By Emeline Boulet & Nils
- 10 minutes read - 2122 wordsNote : Cet article fait partie d’une série d’articles sur les grilles de lectures ou modèles. Vous pouvez retrouver l’article d’introduction de cette série ici.
Chez benext, nous avons l’habitude d’accompagner nos clients et de les aider à comprendre que les problématiques qu’ils rencontrent ne sont pas liées à des personnes, que c’est plus complexe que cela, et que le problème c’est souvent le système.
En nous replongeant dans le modèle pour écrire cet article, nous souhaitions vous présenter le modèle Cynefin et ses quatre lieux. Mais également faire un zoom sur le lieu appelé “Complexe” que nous et vous donner des clés de lecture pour savoir dans quel lieu vous vous trouvez, et en fonction du lieu, comment réagir, décider et communiquer en tant que personne faisant partie du système ou en tant qu’observateur (coach, scrum master, …).
Quand on mène ou gère des transitions agiles, c’est important de savoir face à quel type de système on se trouve. Une fois après avoir analysé et décodé ce qui se produit en termes de structures organisationnelles et de communication, on pourra adapter notre communication en cohérence et sera en capacité de proposer des outils mieux adaptés.
Le modèle Cynefin
Les contextes Simple et Compliqué sont des contextes ordonnés, il existe des liens de cause à effet. La prédictibilité y est possible.
Le Simple
Dans le Simple, il existe un lien direct entre cause et effet. Sommes-nous dans un contexte simple ? Pour le savoir, deux questions face à une problématique : “est-ce qu’il y a une réponse?” et “est-ce que nous la connaissons ?”. Si les réponses sont “oui” et “oui”, alors nous y sommes ; oui, il y a une solution et oui nous la connaissons. Ici, il n’est pas très utile de beaucoup communiquer, tout le monde sait faire et est autonome. C’est le domaine de ce que l’on appelle les meilleures pratiques (alors pas besoin de papoter). La sur-communication est un risque.

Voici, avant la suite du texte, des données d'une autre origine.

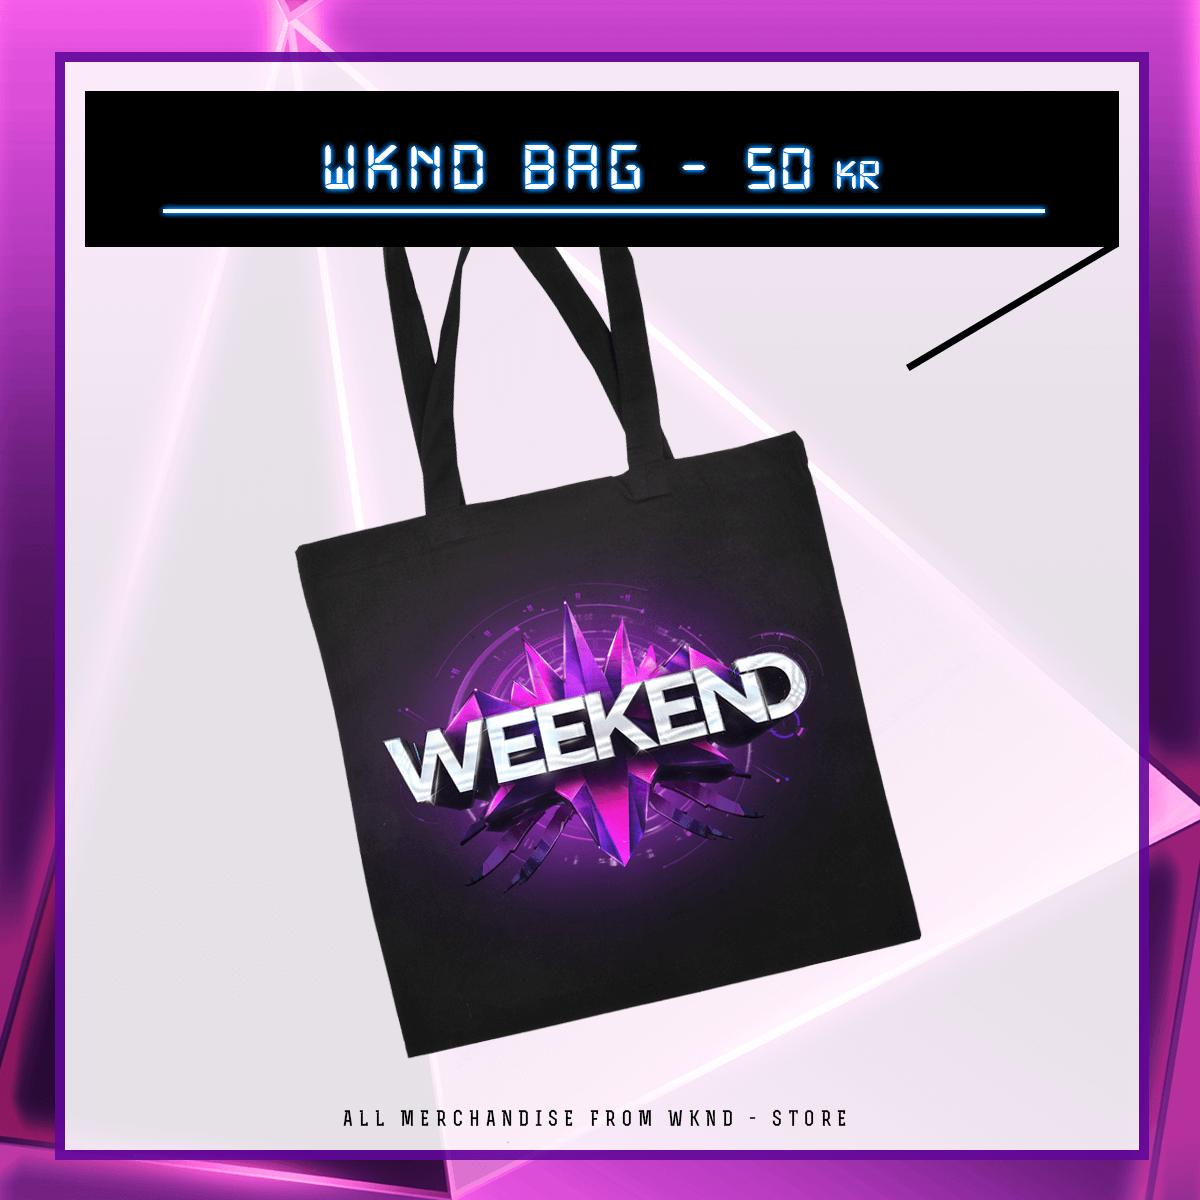 WKND-BAG-SWED

Comment agit-on dans ce contexte ?
- On observe
- On catégorise
- Et on répond
Un exemple : trier des legos par couleur
Le Compliqué
Encore un contexte ordonné dans lequel la prédictibilité est possible. A la différence de Simple : “est-ce qu’il y a une réponse ?” Oui. Et “est-ce que nous la connaissons ?” NON. Il va falloir réunir, rassembler des connaissances. Par exemple, nous voulons construire une fusée, une Ferrari. Nous savons que cela est possible, nous savons qu’il y a une réponse. La connaissons-nous ? A moins d’être un expert en fusée ou en Ferrari, non.
Il va falloir nous entourer d’experts du domaine. Des experts pour analyser la problématique précise.
Maintenant, imaginons que nous interrogions plusieurs experts, combien y aura-t-il de réponses ? Plusieurs, à n’en pas douter. Oui, il y aura plusieurs façons de répondre.
Il y a une forte communication entre les parties prenantes. Il faut d’ailleurs s’assurer que les experts peuvent communiquer et leur mettre à dispo le cadre approprié
N’avez-vous jamais assisté à une discussion entre experts/entre des coachs ? Le risque est de tomber dans un combat d’expert, de convictions et d’être paralysé par l’analyse. Afin de ne pas tomber dans cette paralysie, il est préférable de mettre une limite de temps aux discussions. Les experts pourraient si on ne les limite pas débattre jusqu’à la nuit des temps.
Exemple : le facilitateur qui donne un time boxing pour la phase de convergence d’un atelier et effectue un dot voting à la fin
Contrairement au Simple, nous ne pouvons pas catégoriser, il faut analyser.
La réponse du modèle dans ce contexte :
- On évalue
- On analyse
- Et on répond
On est dans le domaine des bonnes pratiques.
Le Complexe
Les contextes Complexe et Chaotique sont des contextes désordonnés. La prédictibilité y est peu probable, incertaine.
“Est-ce qu’il y a une réponse ? Est-ce qu’on va réussir?” Probablement. Ce “probablement” est très différent du “oui” du Compliqué. Ça change tout ! Tout ! (A l’oral, nous laisserions un blanc pour appuyer, pour que ce message résonne. Prenez le temps la lecture d’assimiler cette différence).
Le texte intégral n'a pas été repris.